• [Required action]: The listing is to be returned word for word, without its images.

• [Available data]:
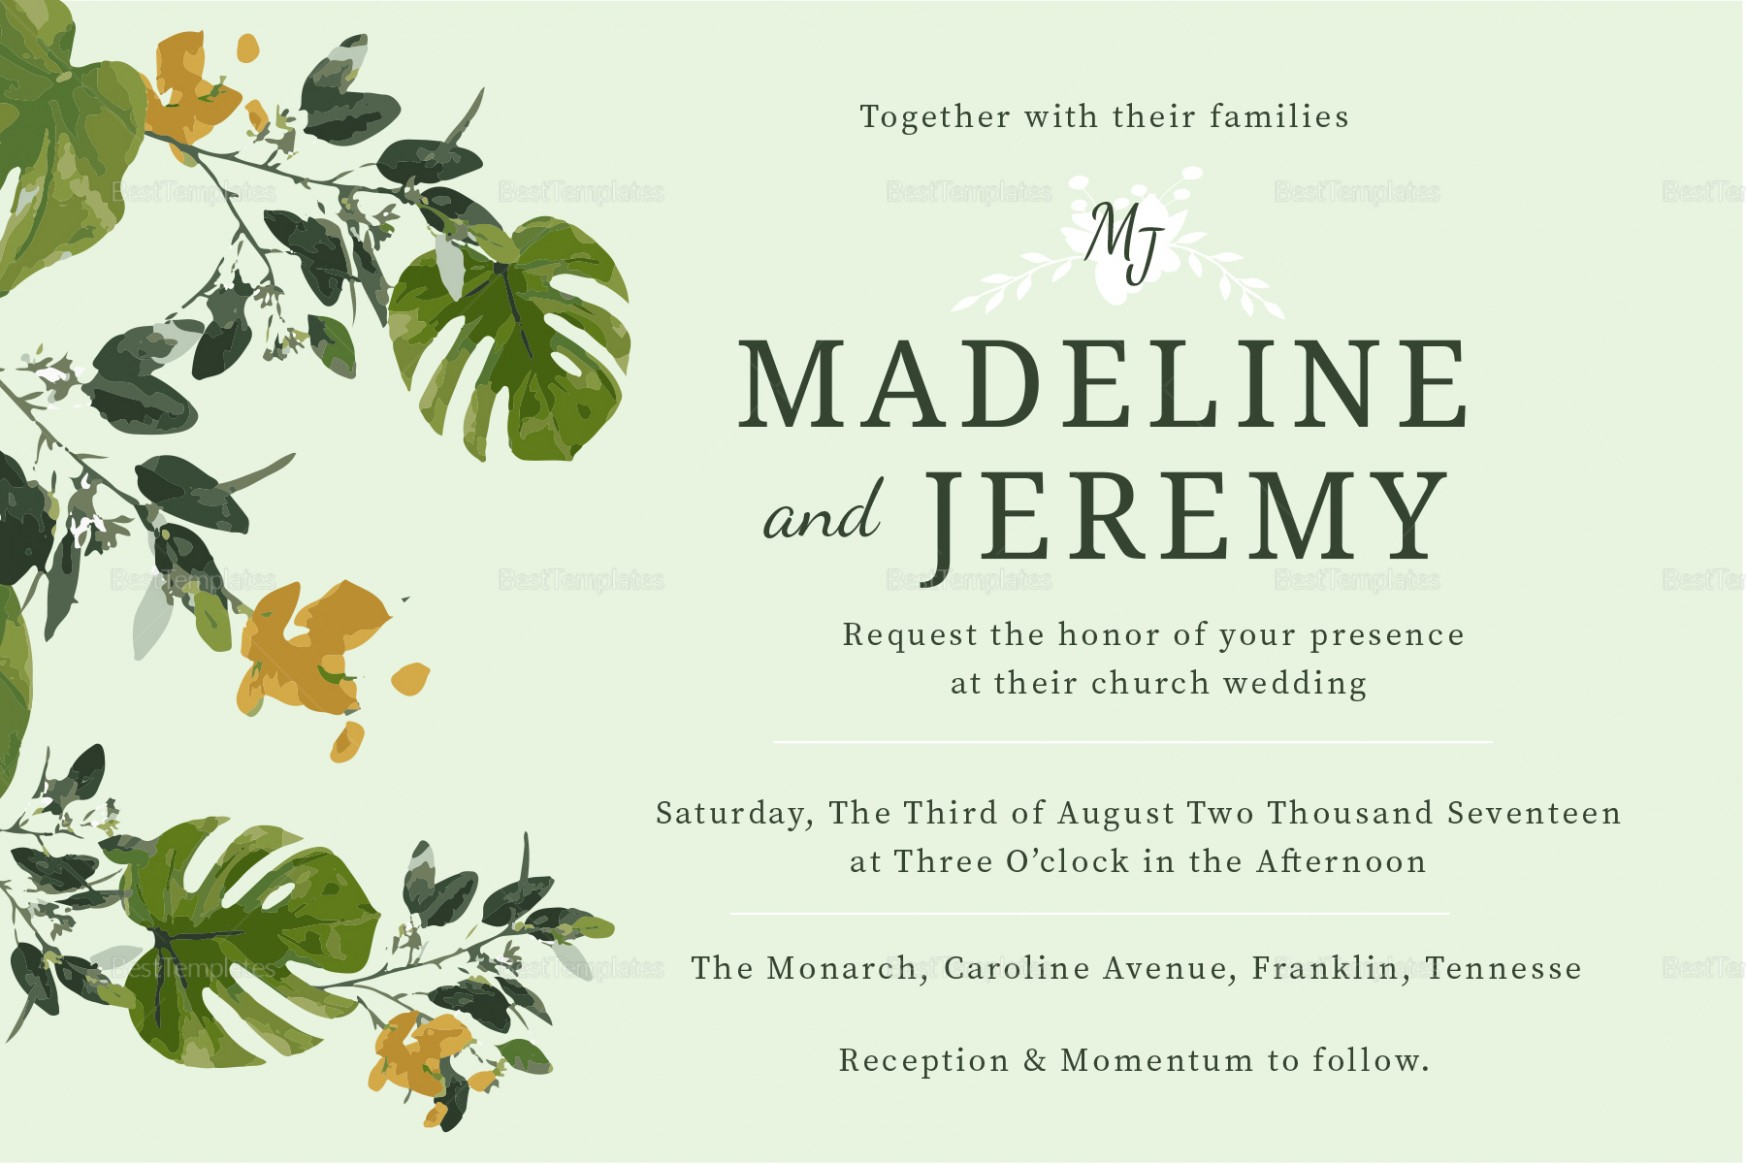 invitation card template landscape  Church Wedding Invitation Design Template in PSD, Word ..
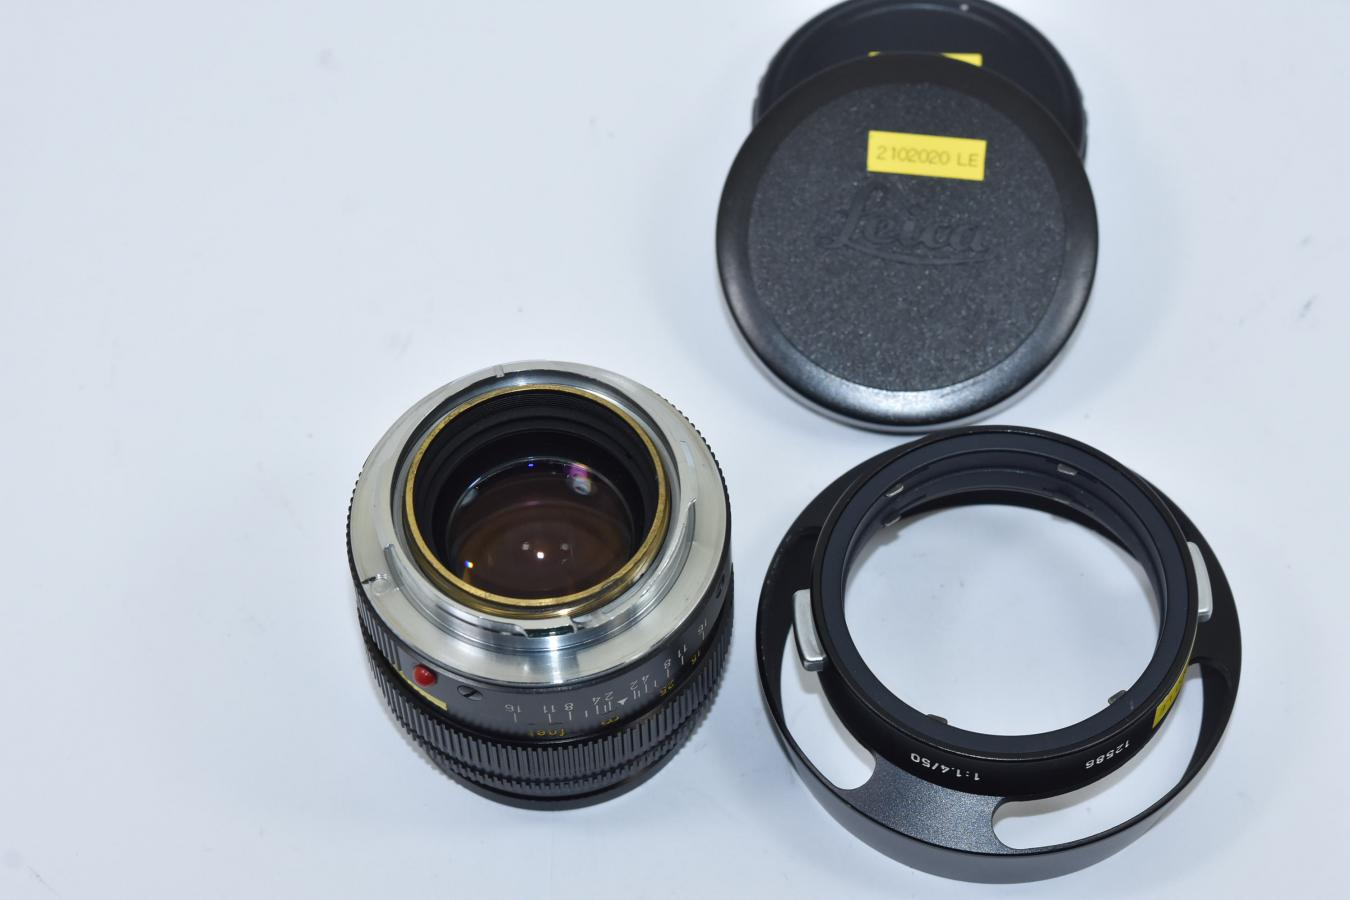 LEICA SUMMILUX-M 50mm F1.4 ブラック 純正フード12586付 【256万台 1973年製】
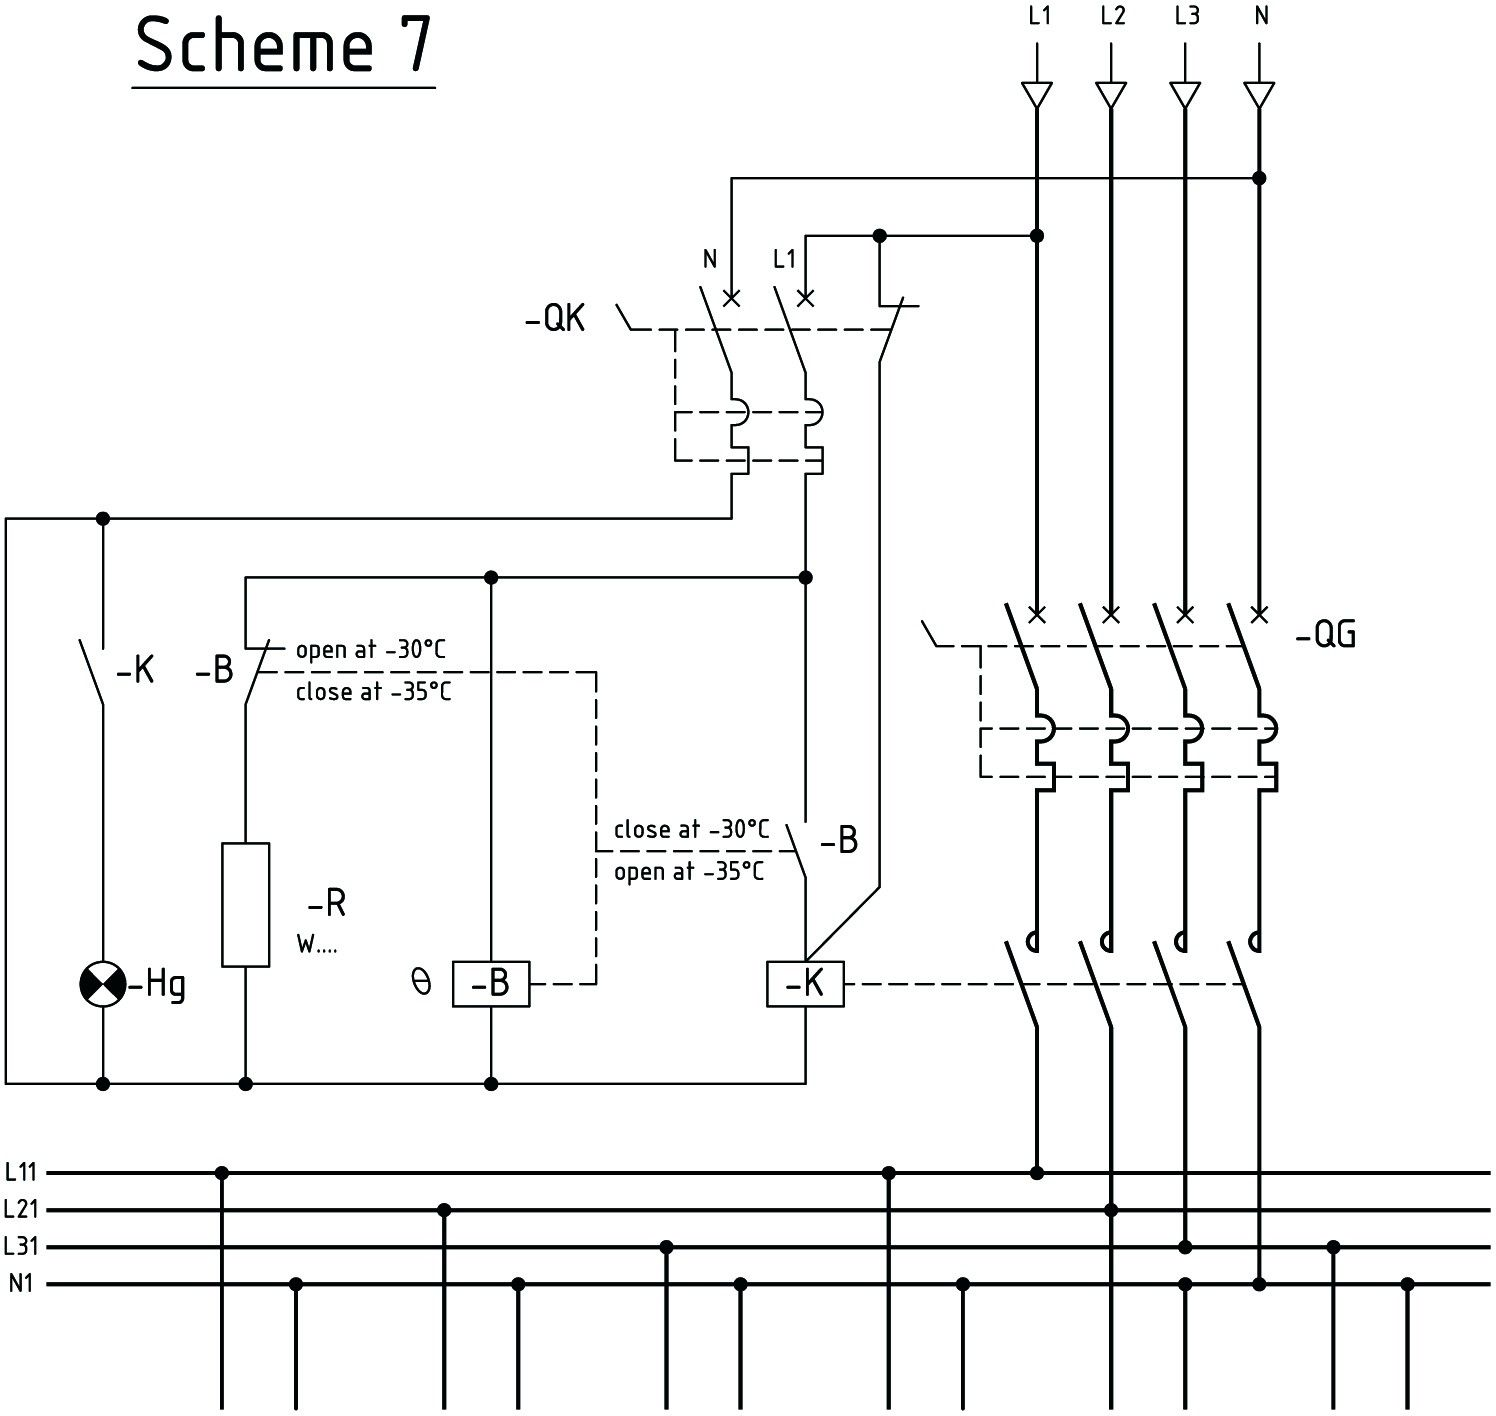 wiring diagram circuit breaker blurts me rh blurts me 4 pole breaker wiring diagram breaker box wiring diagram [ 1496 x 1416 Pixel ]

• [Solution to the exercise]:
 invitation card template landscape  Church Wedding Invitation Design Template in PSD, Word ..
 LEICA SUMMILUX-M 50mm F1.4 ブラック 純正フード12586付 【256万台 1973年製】
 wiring diagram circuit breaker blurts me rh blurts me 4 pole breaker wiring diagram breaker box wiring diagram [ 1496 x 1416 Pixel ]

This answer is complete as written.